*TASK GOAL:*
Give the data again exactly as it appears, excluding any pictures.

===== RECORDS

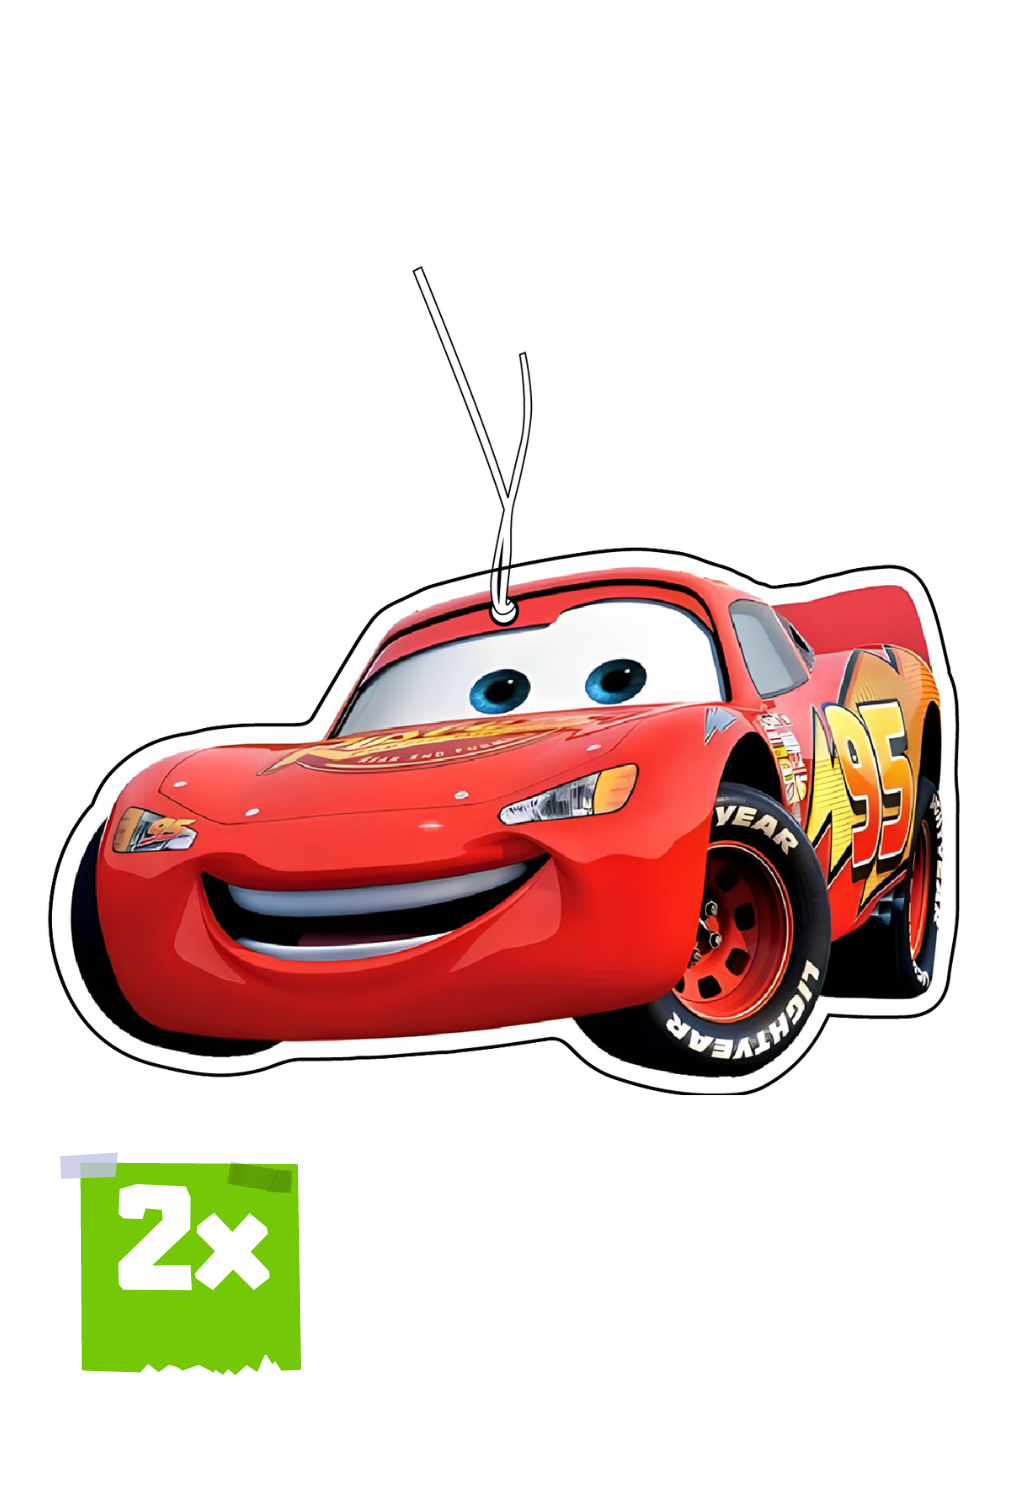 2x Stitch Duftbaum / Lufterfrischer Weihnachten Auto Duft Disney
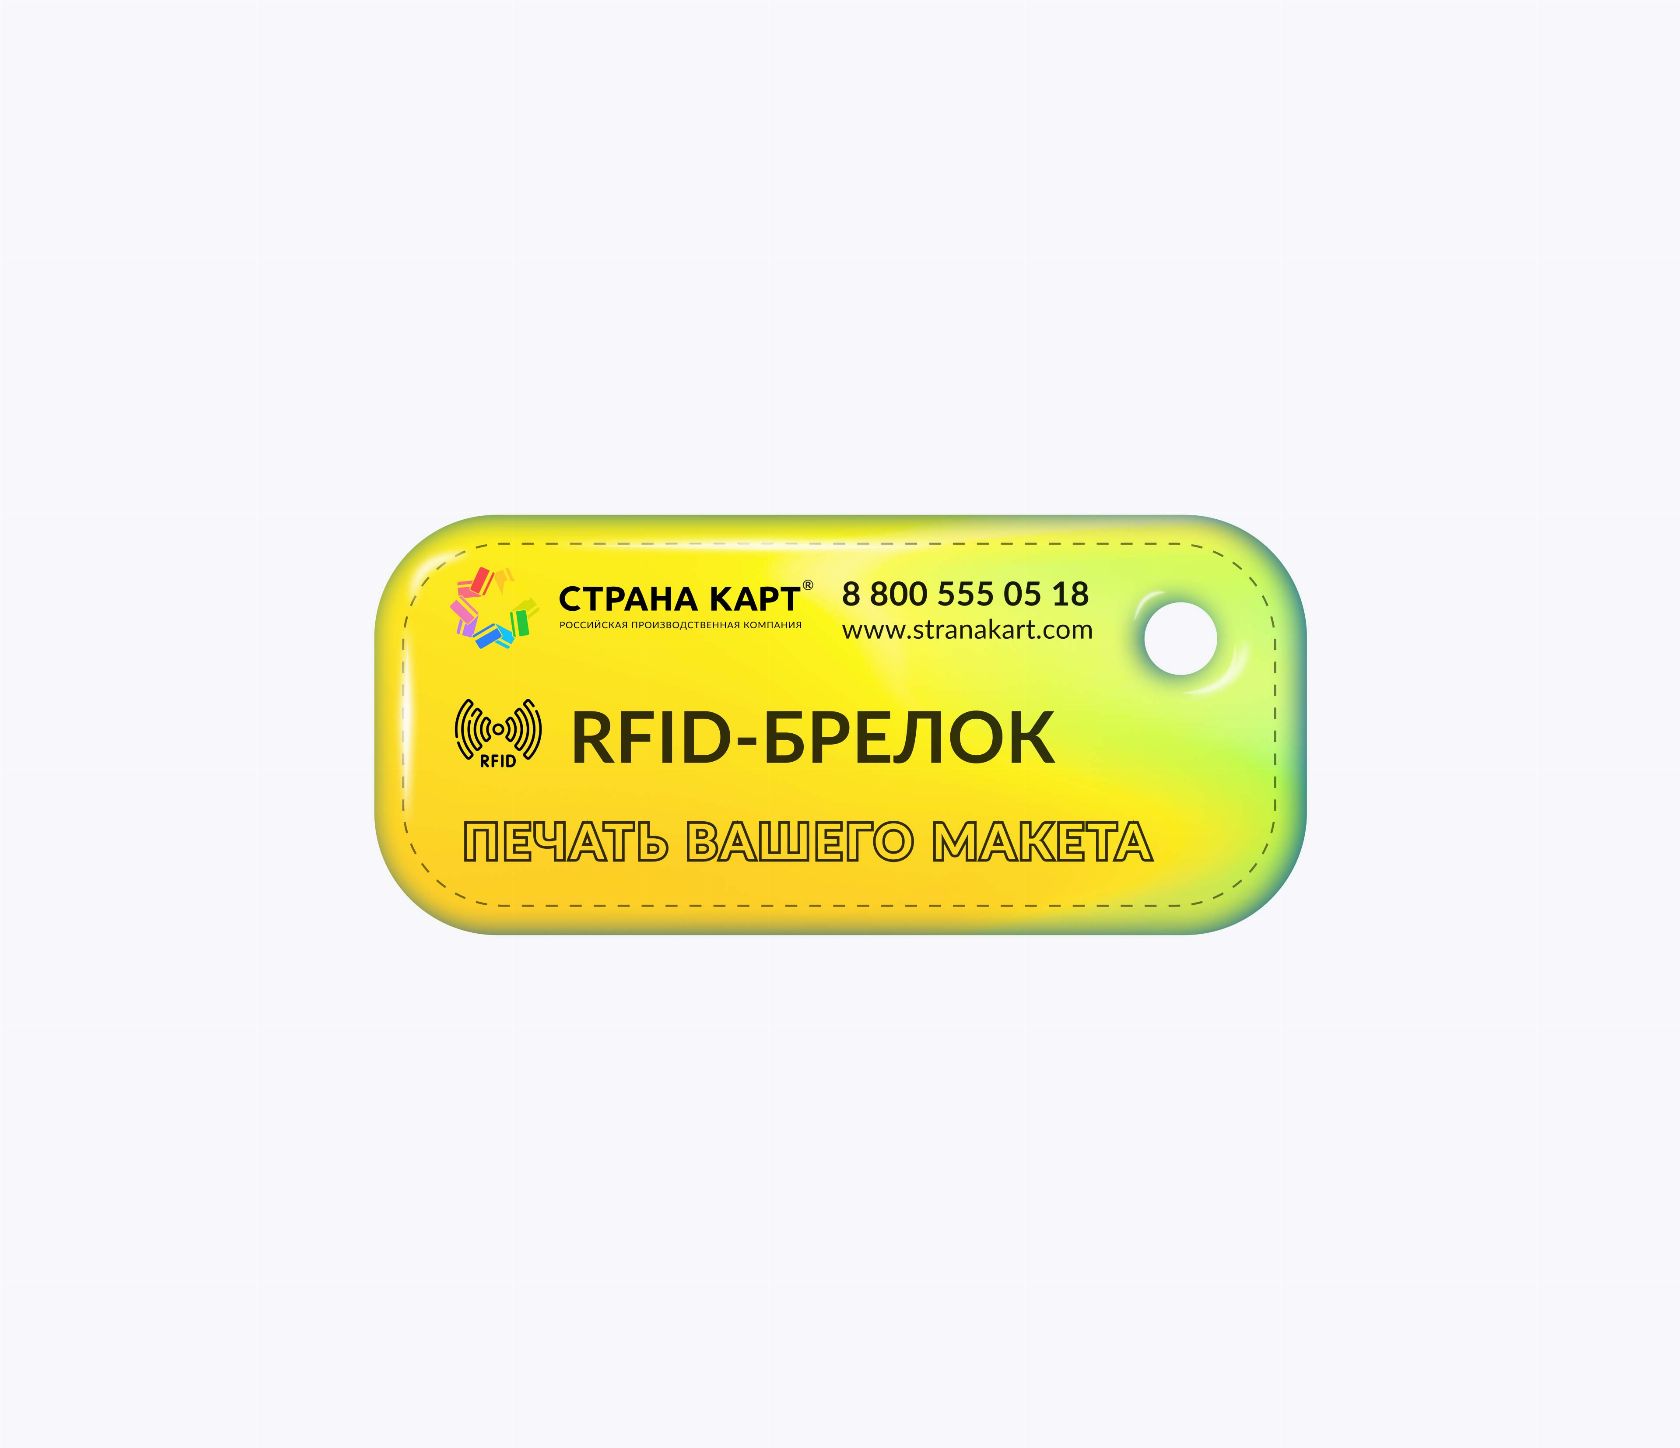 Прямоугольные мини RFID-брелоки NEOKEY® с чипом SMARTTAG® 4k 4 byte nUID RFID-брелоки NEOKEY® с чипом SMARTTAG® 4k 4 byte nUID и вашим логотипом
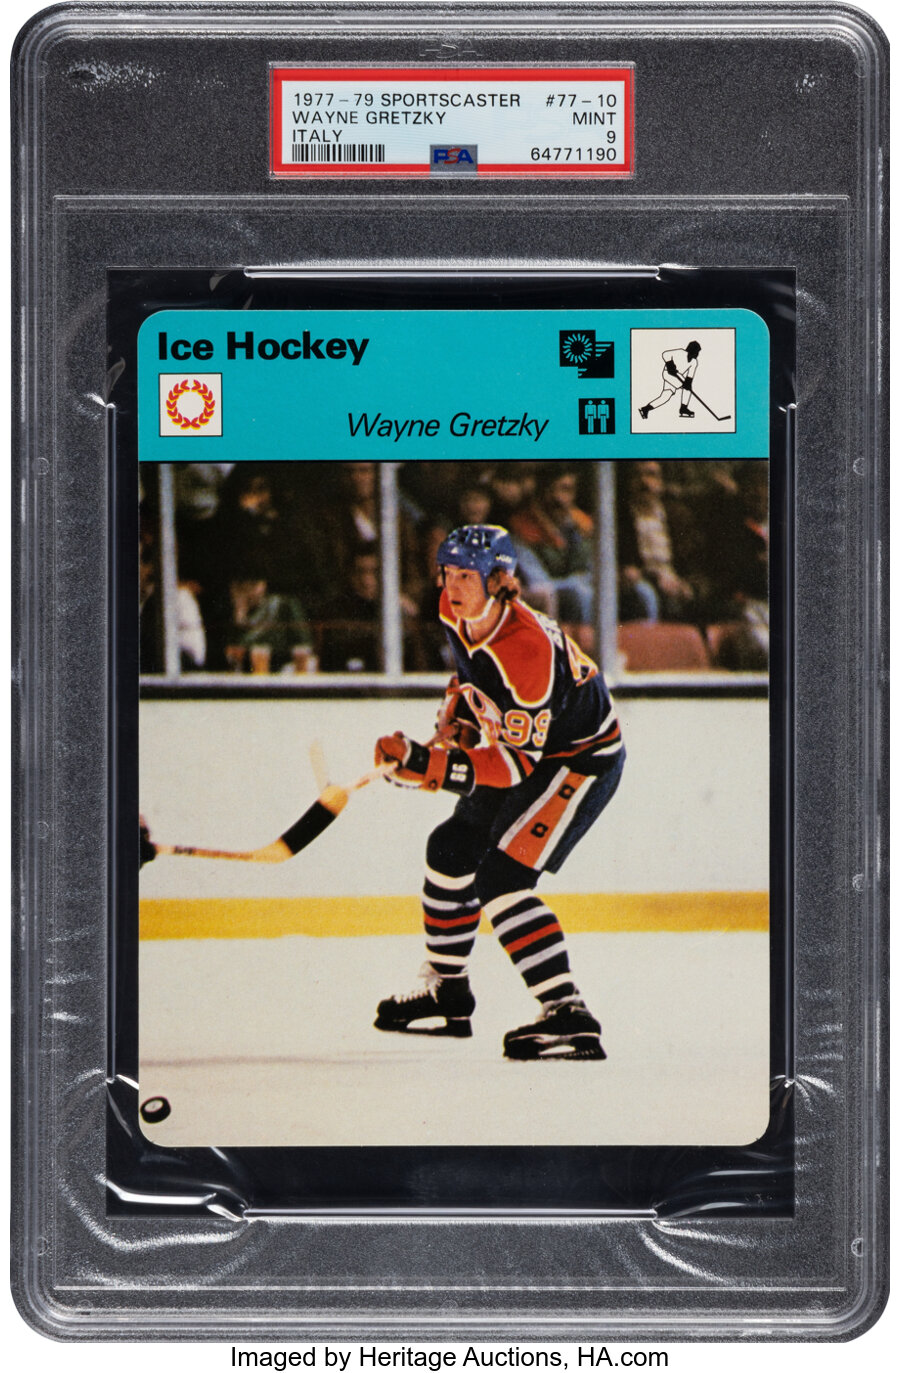 1977-79 Sportscaster Wayne Gretzky #77-10 PSA Mint 9
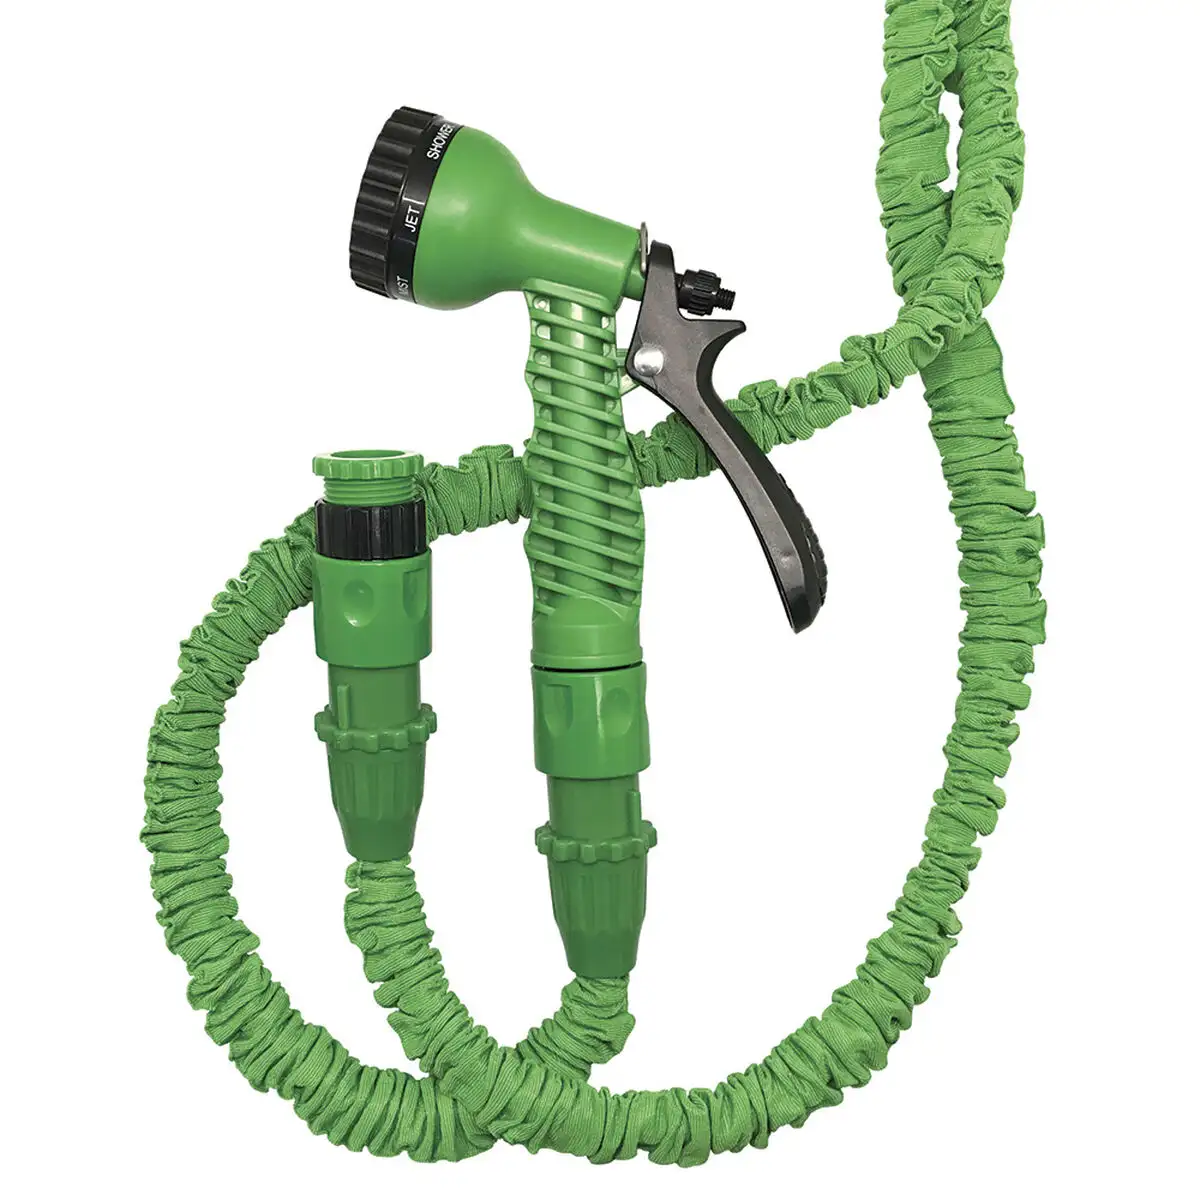 Tuyau d arrosage aqua control xpansy hose basic 1 2 3 4 22 5 m _6404. DIAYTAR SENEGAL - Où Choisir est un Plaisir. Explorez notre boutique en ligne et choisissez parmi des produits de qualité qui satisferont vos besoins et vos goûts.
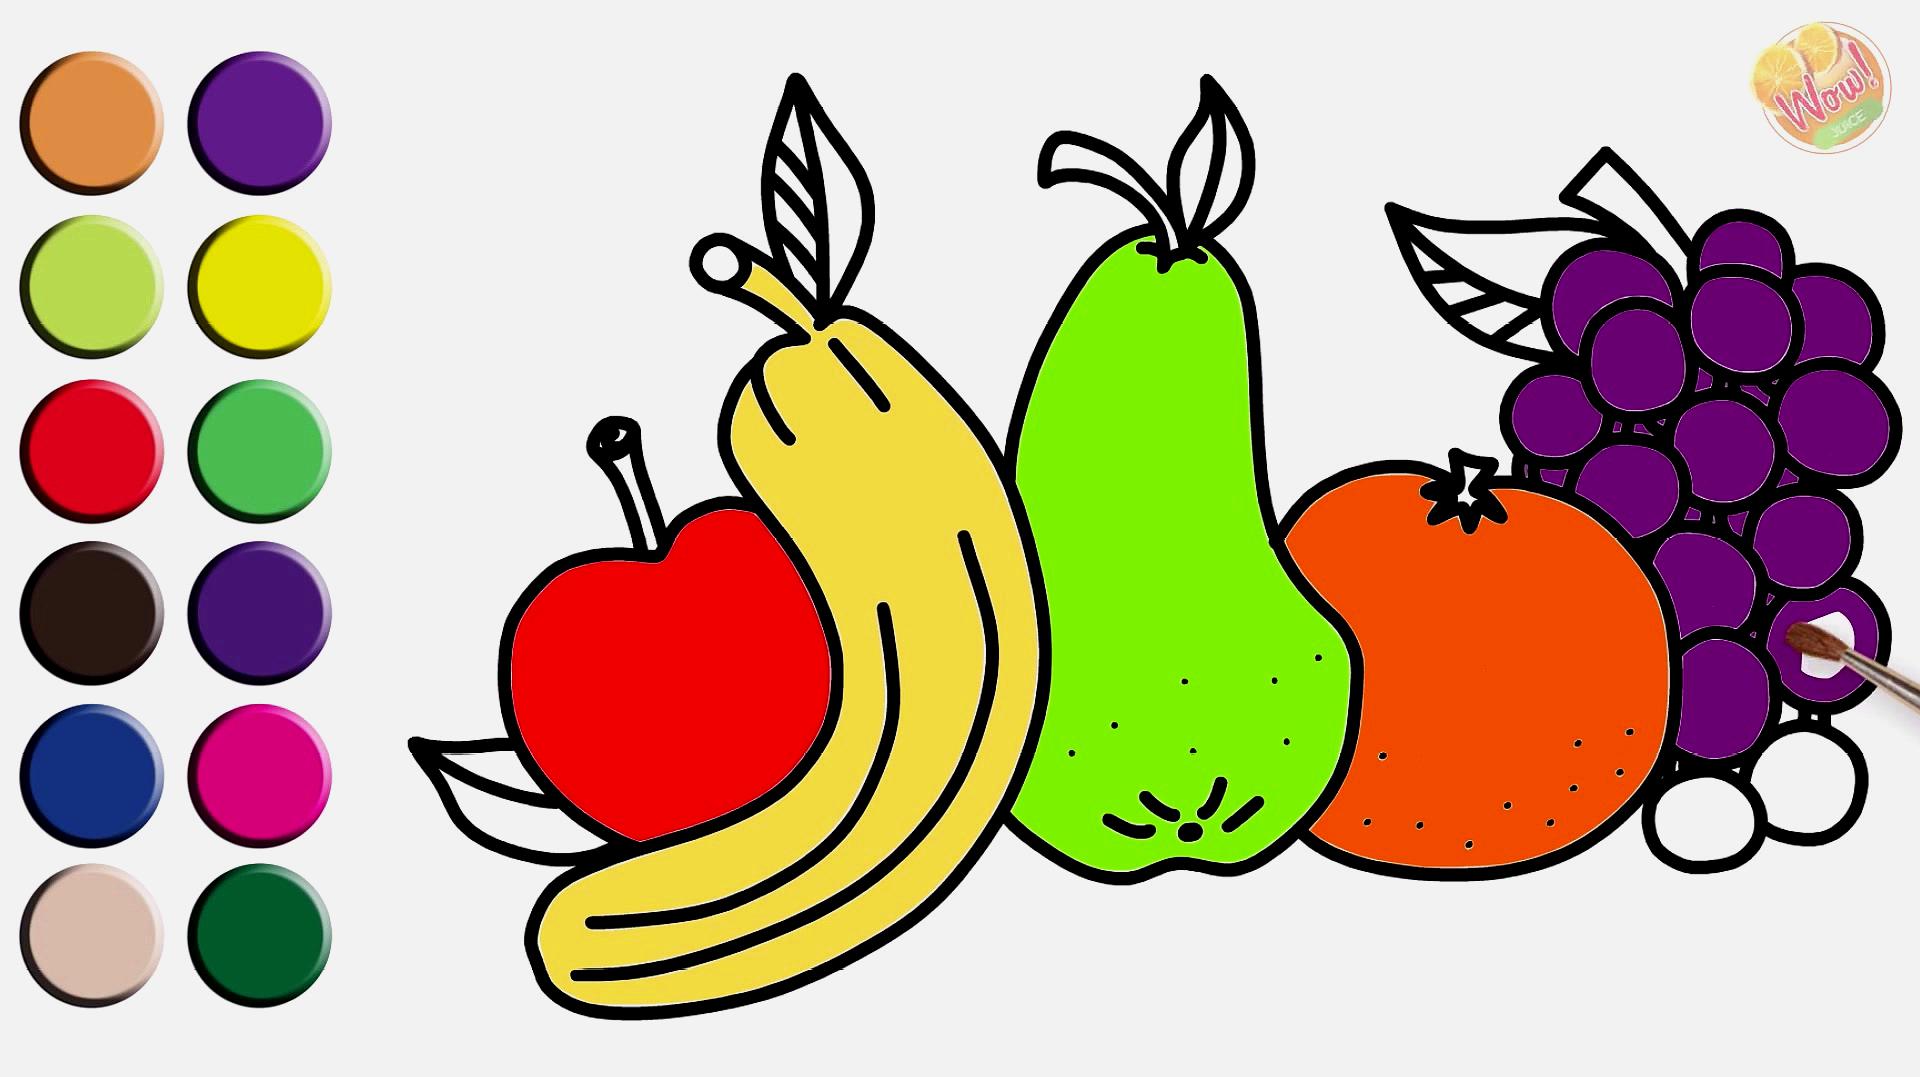 40种水果简笔画 有色图片

==========

*OUTPUT BELOW:*
 2x Stitch Duftbaum / Lufterfrischer Weihnachten Auto Duft Disney
 Прямоугольные мини RFID-брелоки NEOKEY® с чипом SMARTTAG® 4k 4 byte nUID RFID-брелоки NEOKEY® с чипом SMARTTAG® 4k 4 byte nUID и вашим логотипом
 1977-79 Sportscaster Wayne Gretzky #77-10 PSA Mint 9
 Tuyau d arrosage aqua control xpansy hose basic 1 2 3 4 22 5 m _6404. DIAYTAR SENEGAL - Où Choisir est un Plaisir. Explorez notre boutique en ligne et choisissez parmi des produits de qualité qui satisferont vos besoins et vos goûts.
 40种水果简笔画 有色图片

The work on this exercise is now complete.